* EXERCISE PROMPT: Quote every line of the data below as it stands, omitting pictures.

* DATASET SECTION:
☆ ☆ ☆ ☆ ☆ ☆ ☆

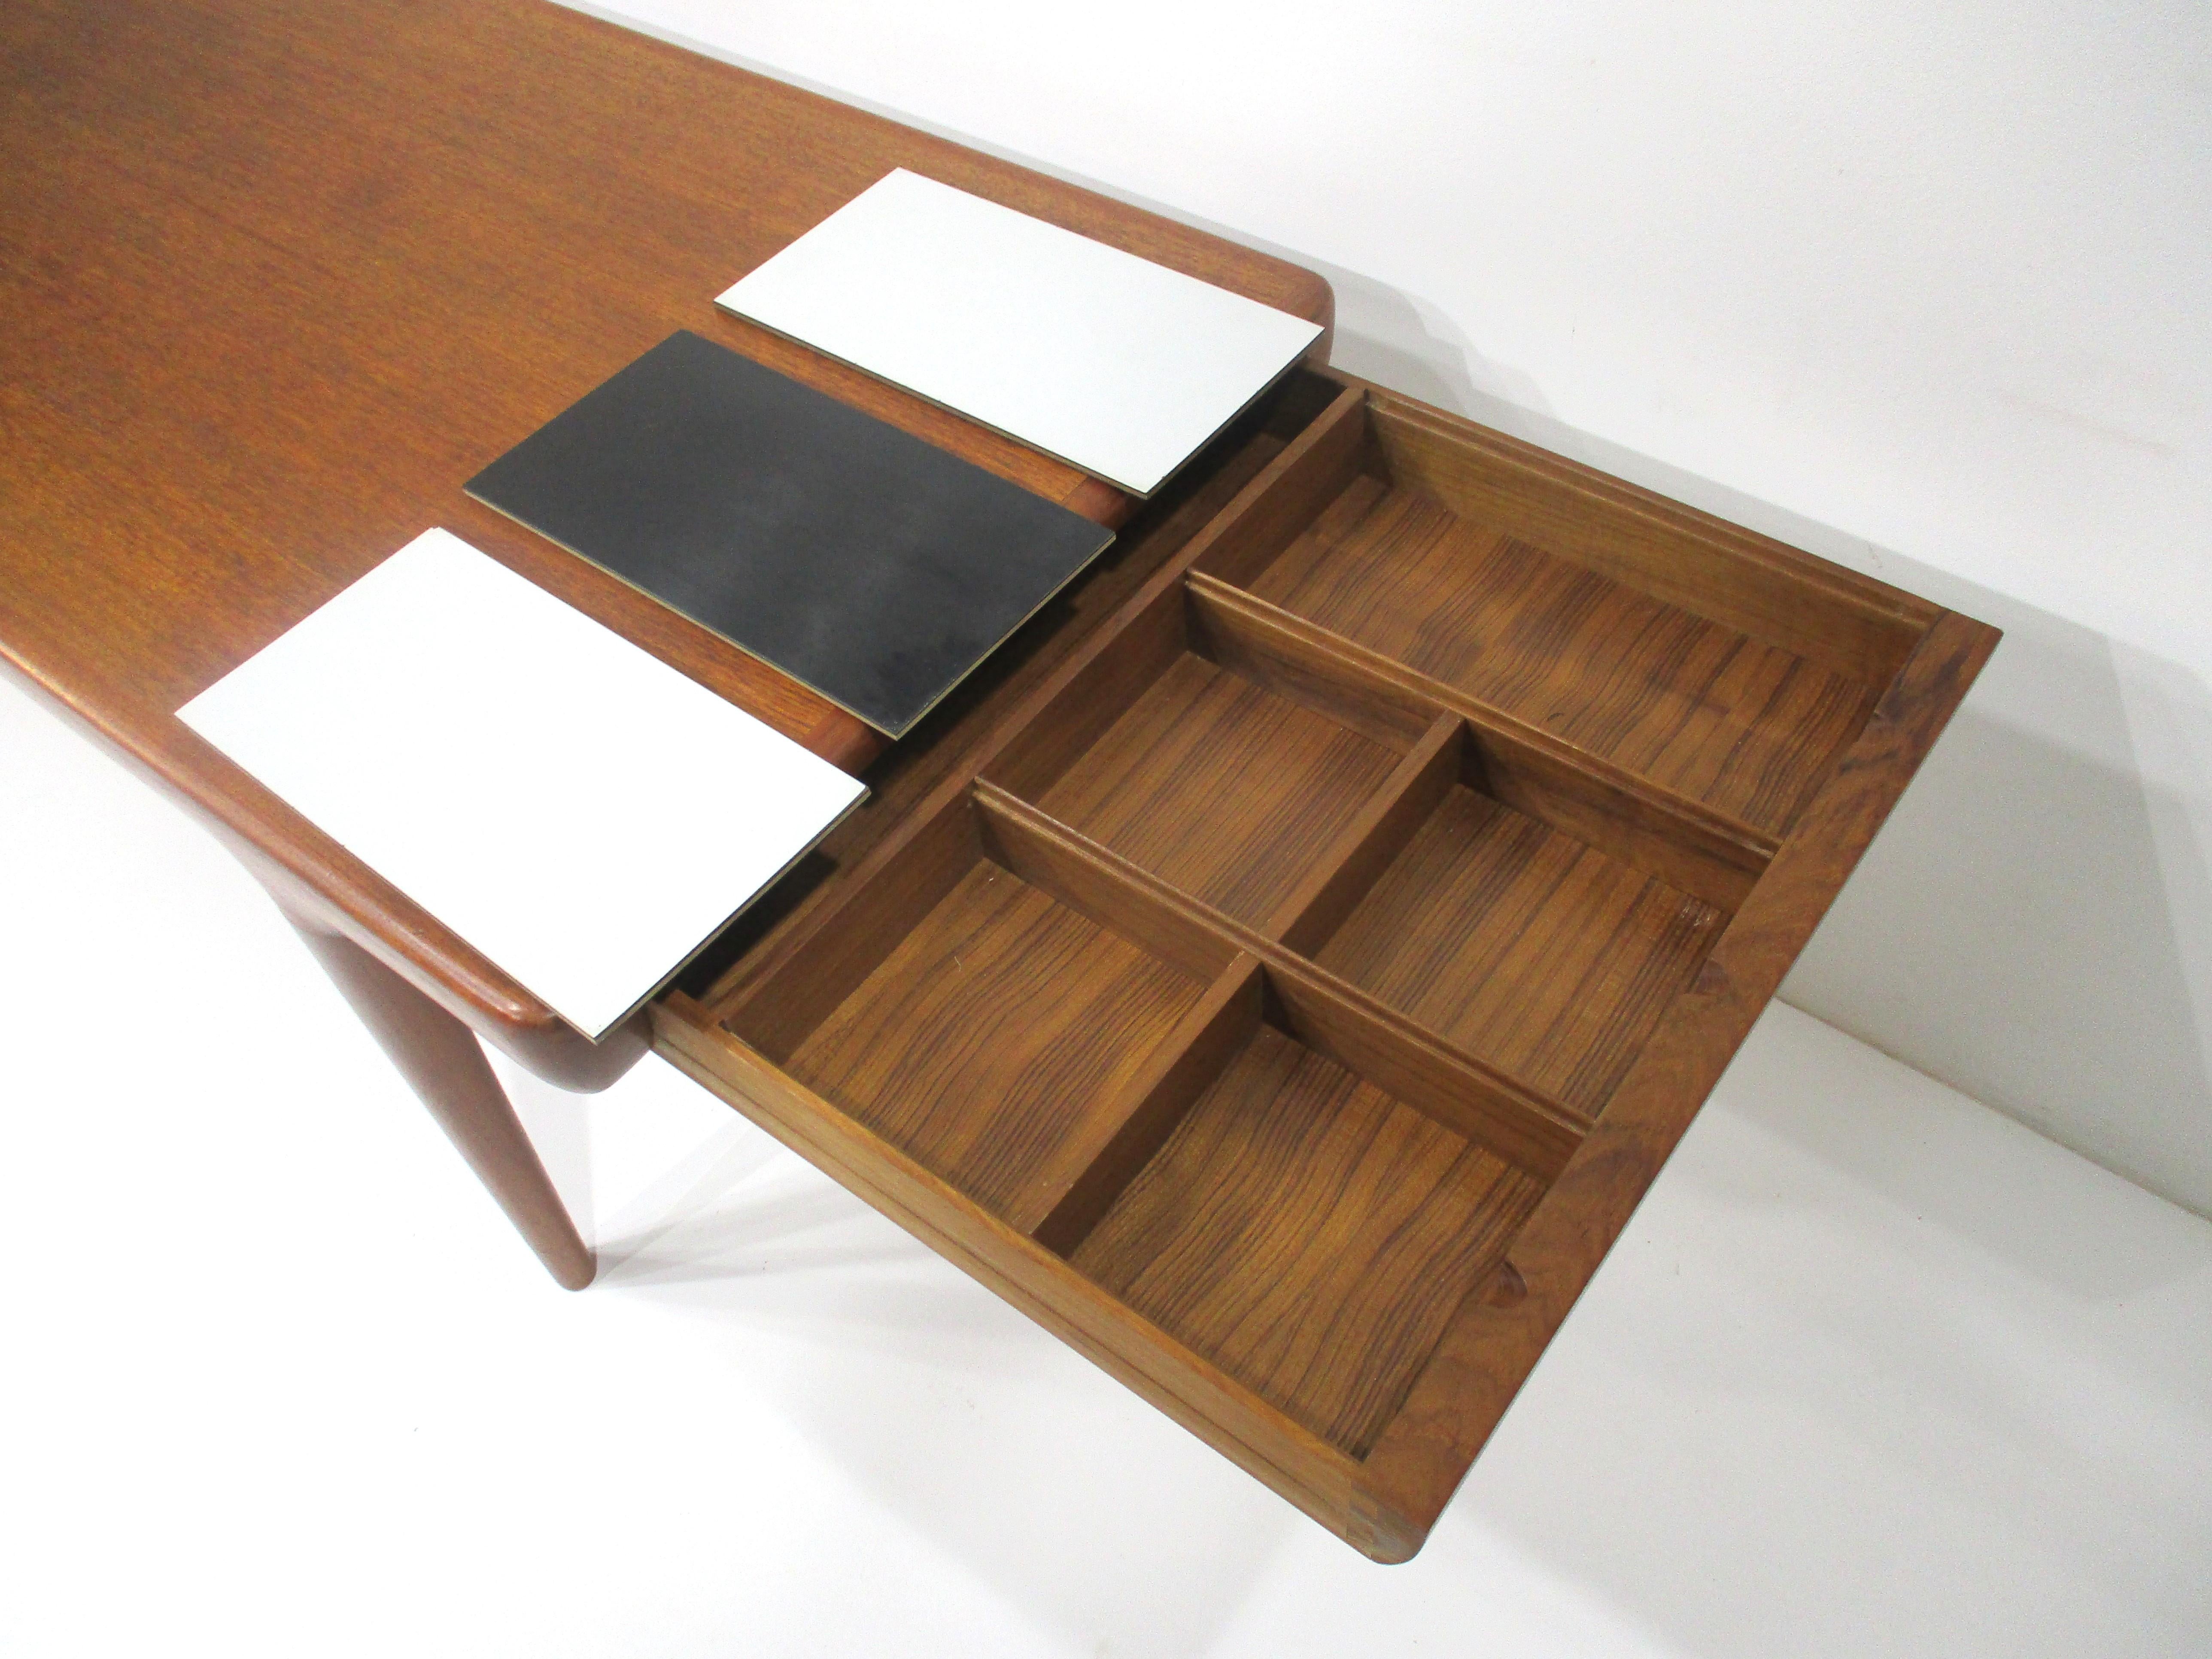 Teak Coffee Table w/ Pull Out Ends by Silkeborg -Johannes Andersen Denmark  3
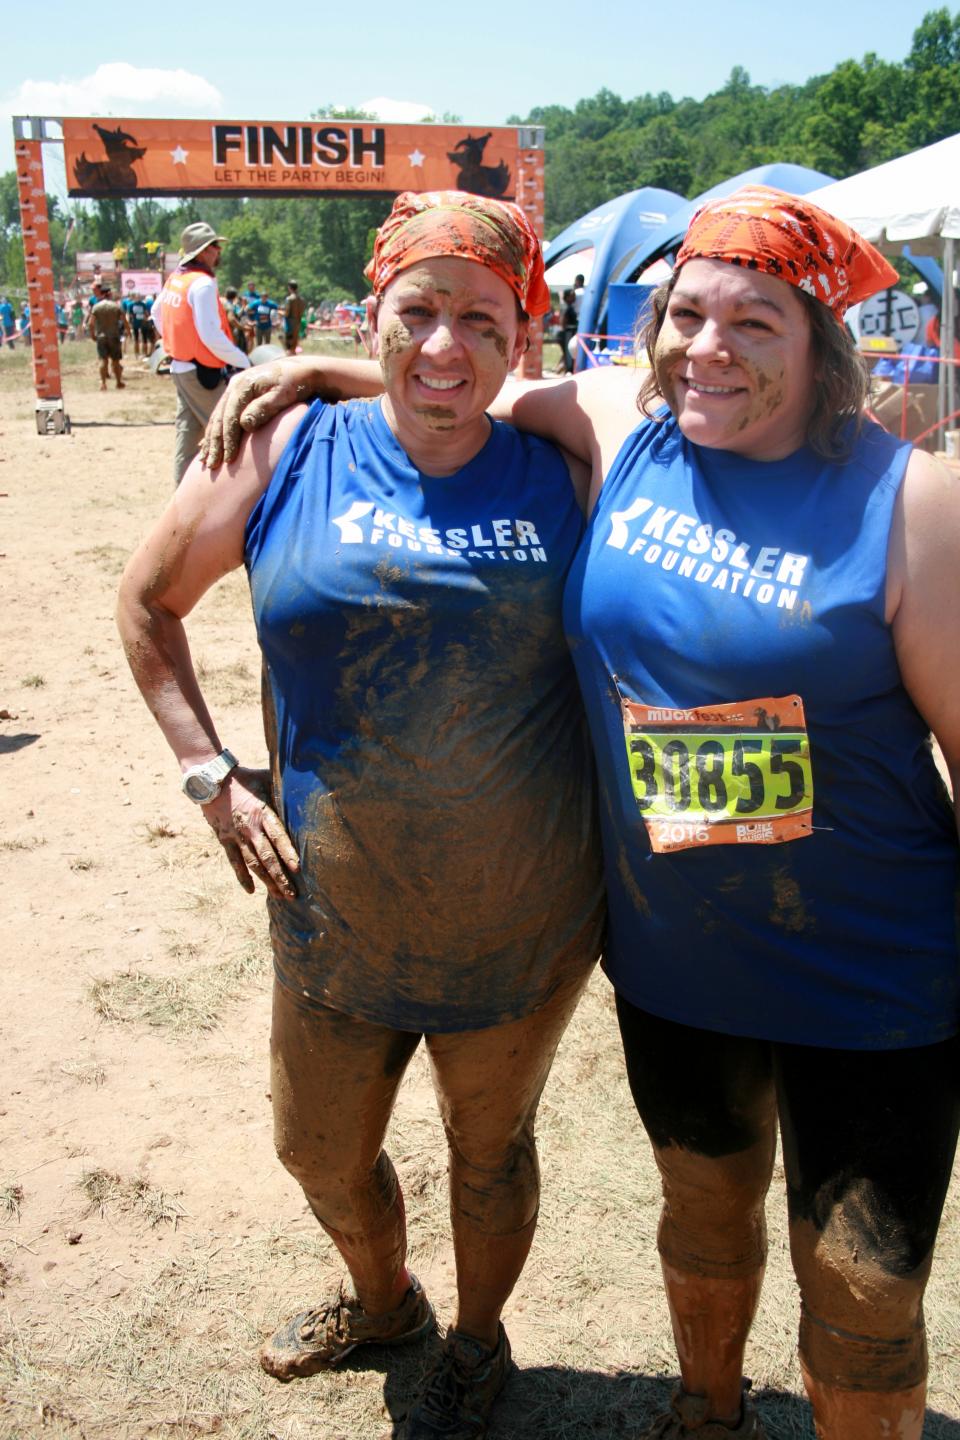 Employees Cherie Giraud and Lauren Strober at the MuckFest, an event benefitting the National Multiple Sclerosis Society - June 2016.
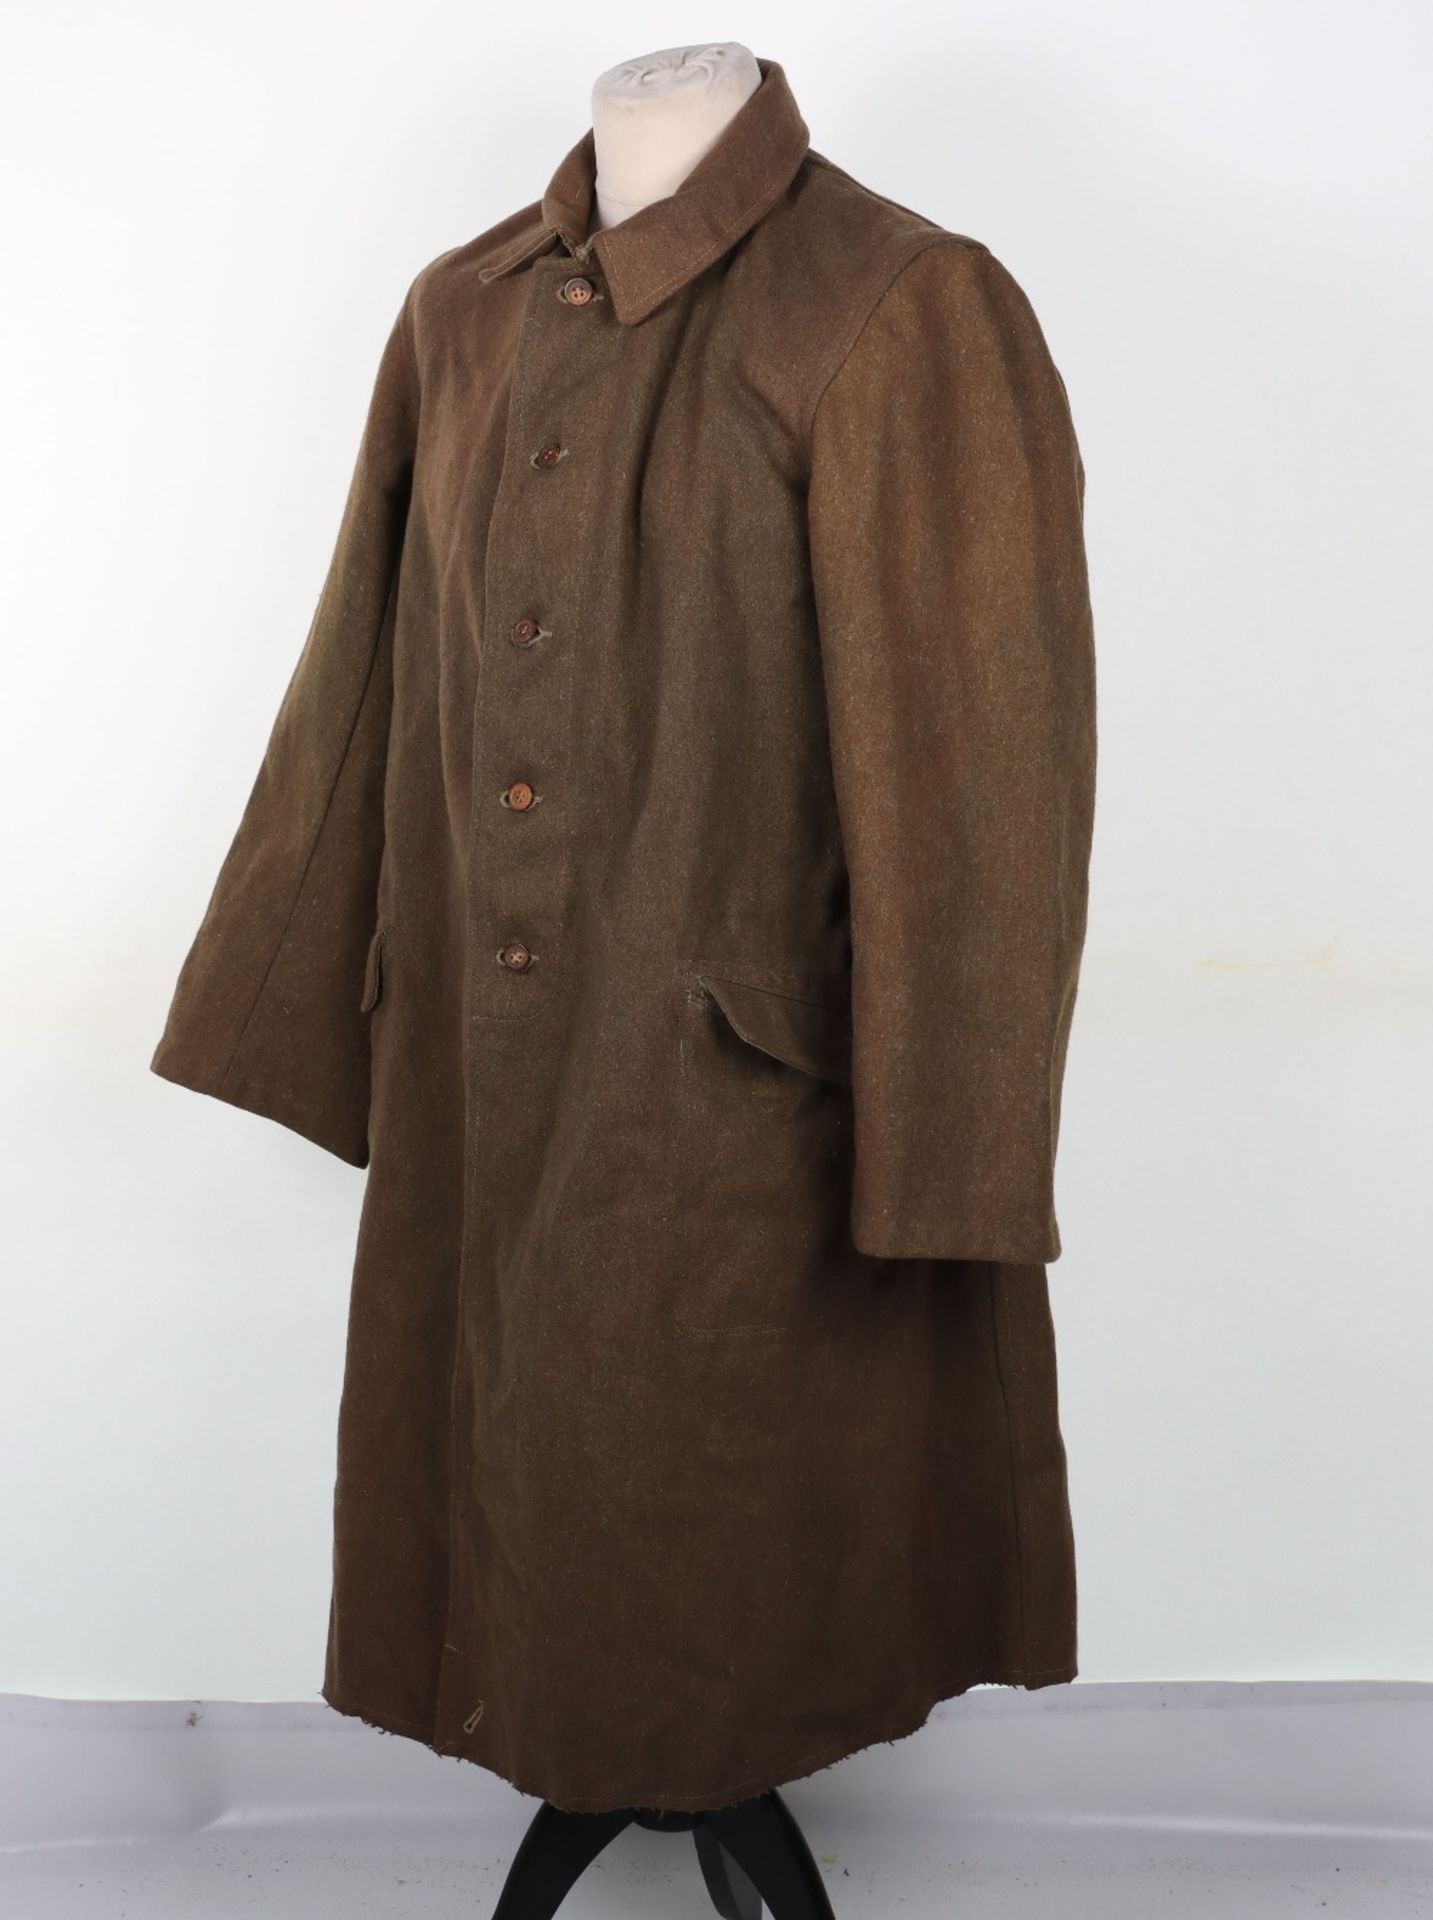 WW2 Imperial Japanese Infantry Greatcoat - Image 5 of 7

☆ ☆ ☆ ☆ ☆ ☆ ☆

* TASK RESPONSE:
 Teak Coffee Table w/ Pull Out Ends by Silkeborg -Johannes Andersen Denmark  3
 Employees Cherie Giraud and Lauren Strober at the MuckFest, an event benefitting the National Multiple Sclerosis Society - June 2016.
 WW2 Imperial Japanese Infantry Greatcoat - Image 5 of 7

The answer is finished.